▶ _Task_:
Apart from the pictures, the listing is to be returned exactly.

▶ _Recorded information_:

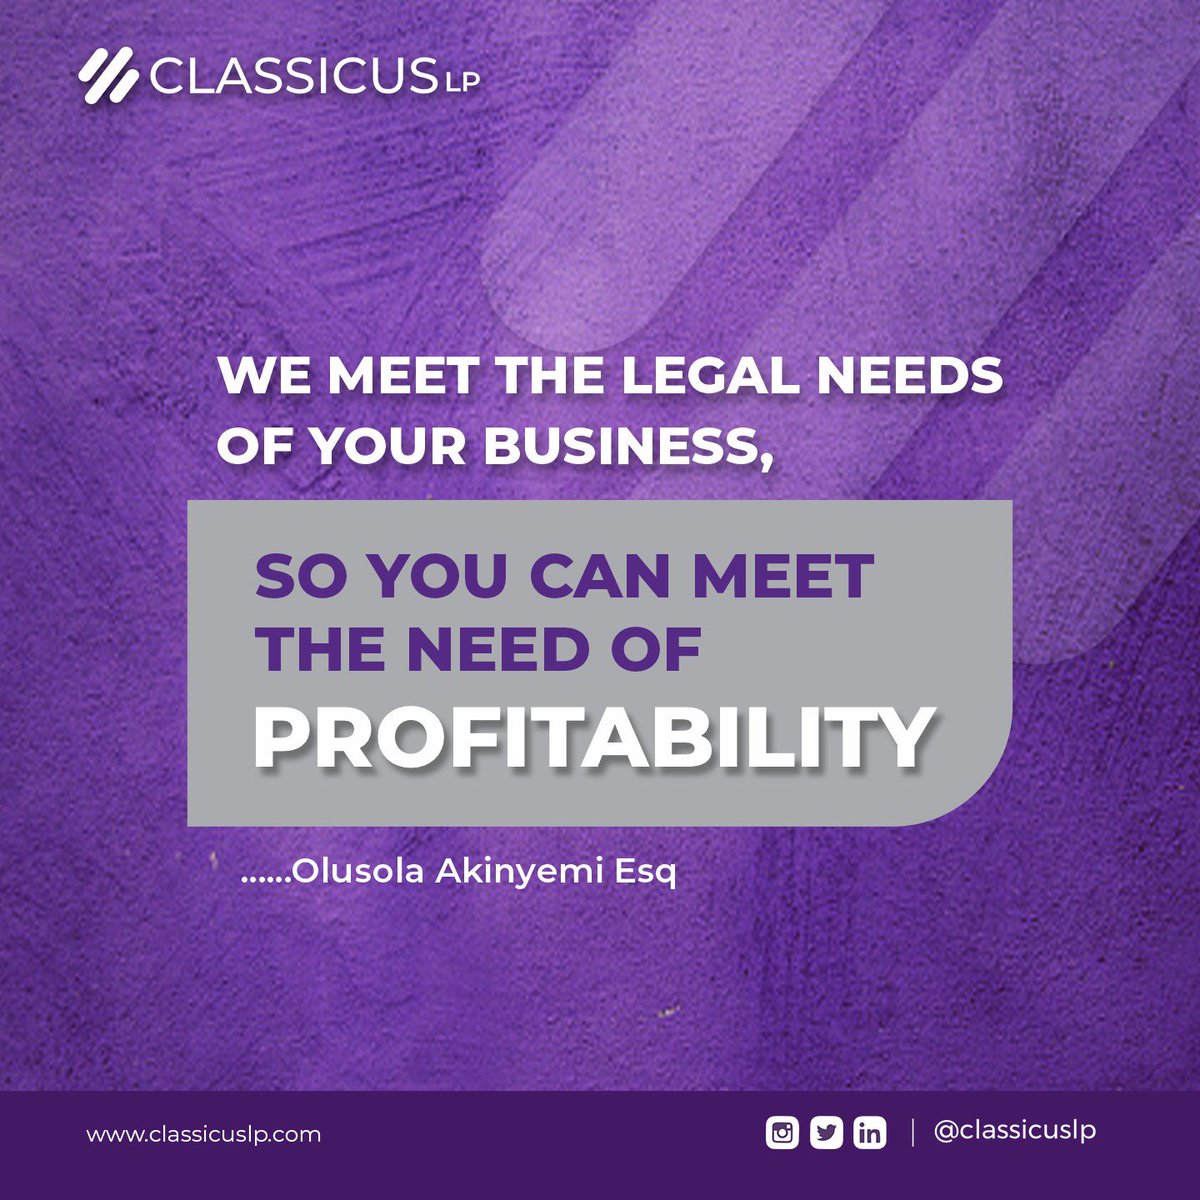 Meeting your legal needs, is one of our top priorities.                                                                                               #lawfirm #legaltips #advocate #businesslaw #estatelawyer #solicitor #lagoslawyers #enterpreneur #business #estatemanagement
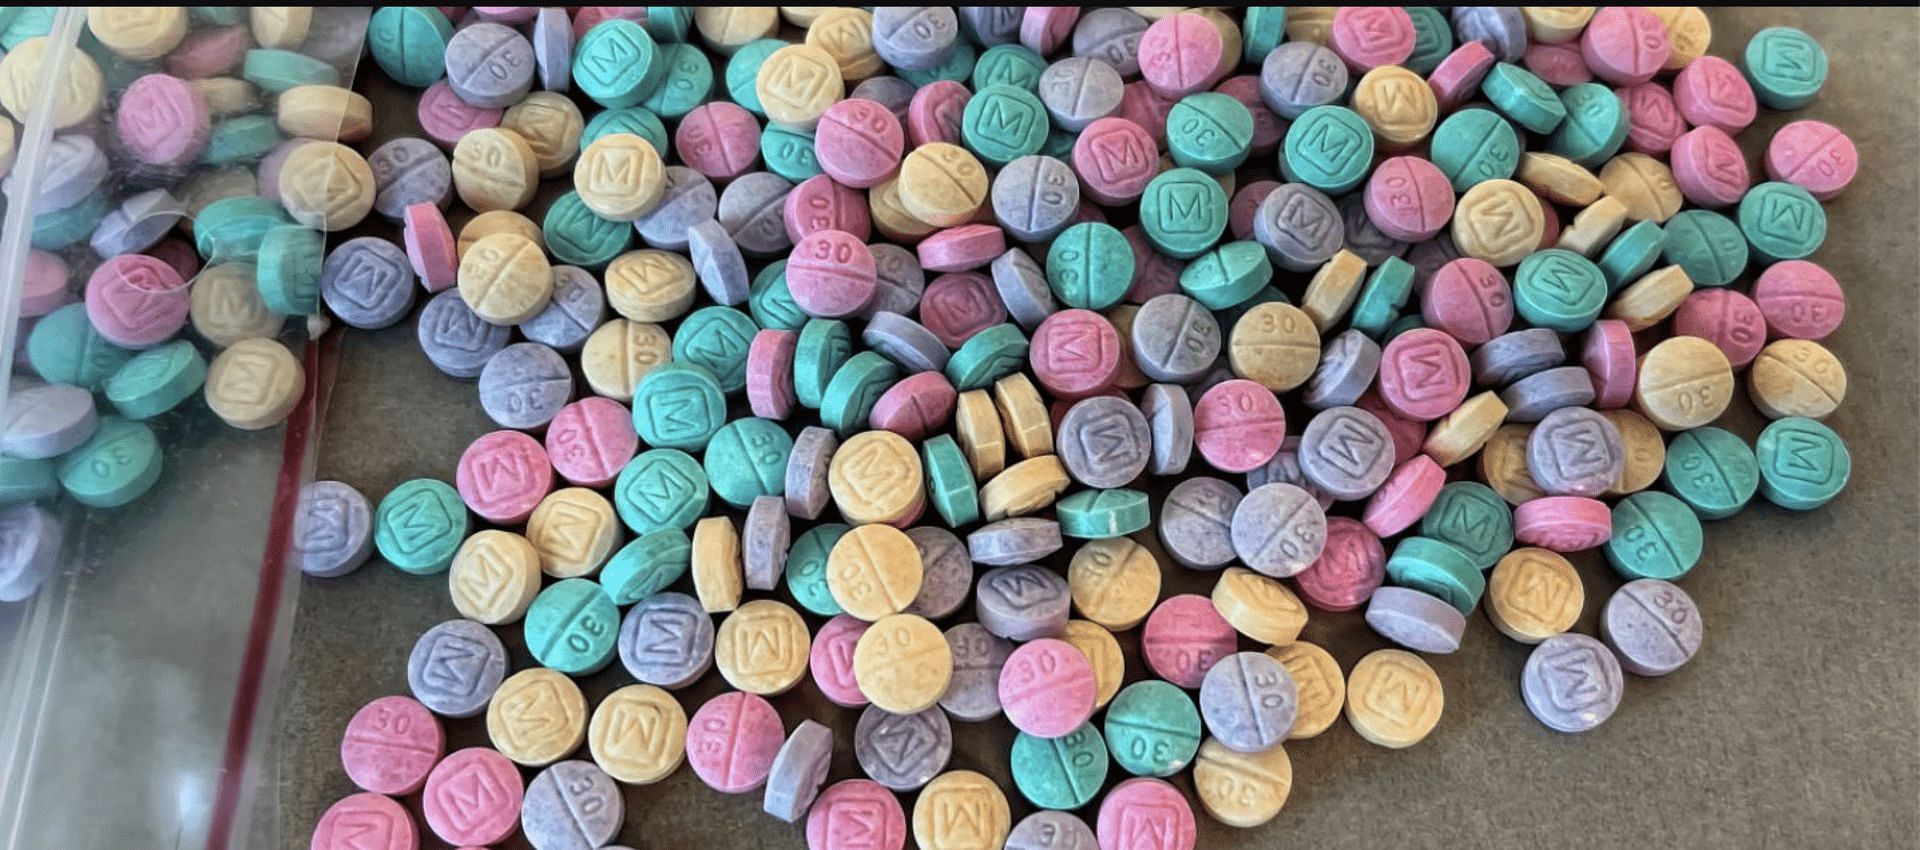 Is the Fentanyl Halloween Candy myth true? Expects doubt the claims made by reports and organisations. (Image via DEA)
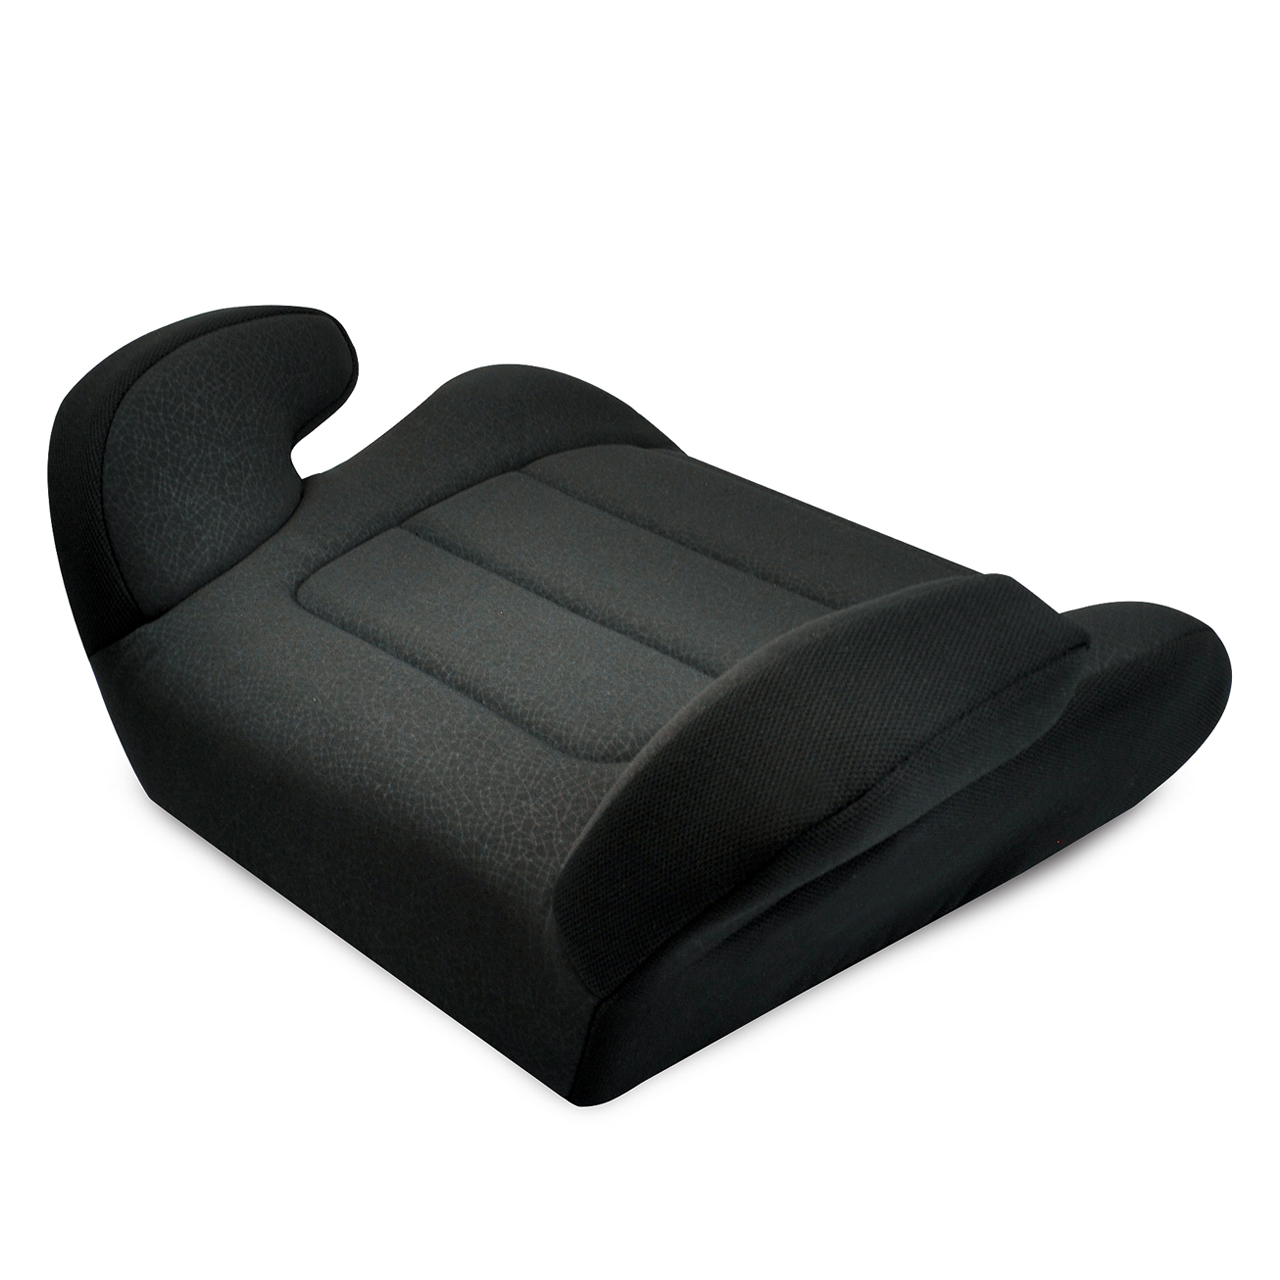 Harmony Juvenile Youth Backless Booster Car Seat, Black - image 3 of 7

▶ _Output below_:
 Meeting your legal needs, is one of our top priorities.                                                                                               #lawfirm #legaltips #advocate #businesslaw #estatelawyer #solicitor #lagoslawyers #enterpreneur #business #estatemanagement
 Is the Fentanyl Halloween Candy myth true? Expects doubt the claims made by reports and organisations. (Image via DEA)
 Harmony Juvenile Youth Backless Booster Car Seat, Black - image 3 of 7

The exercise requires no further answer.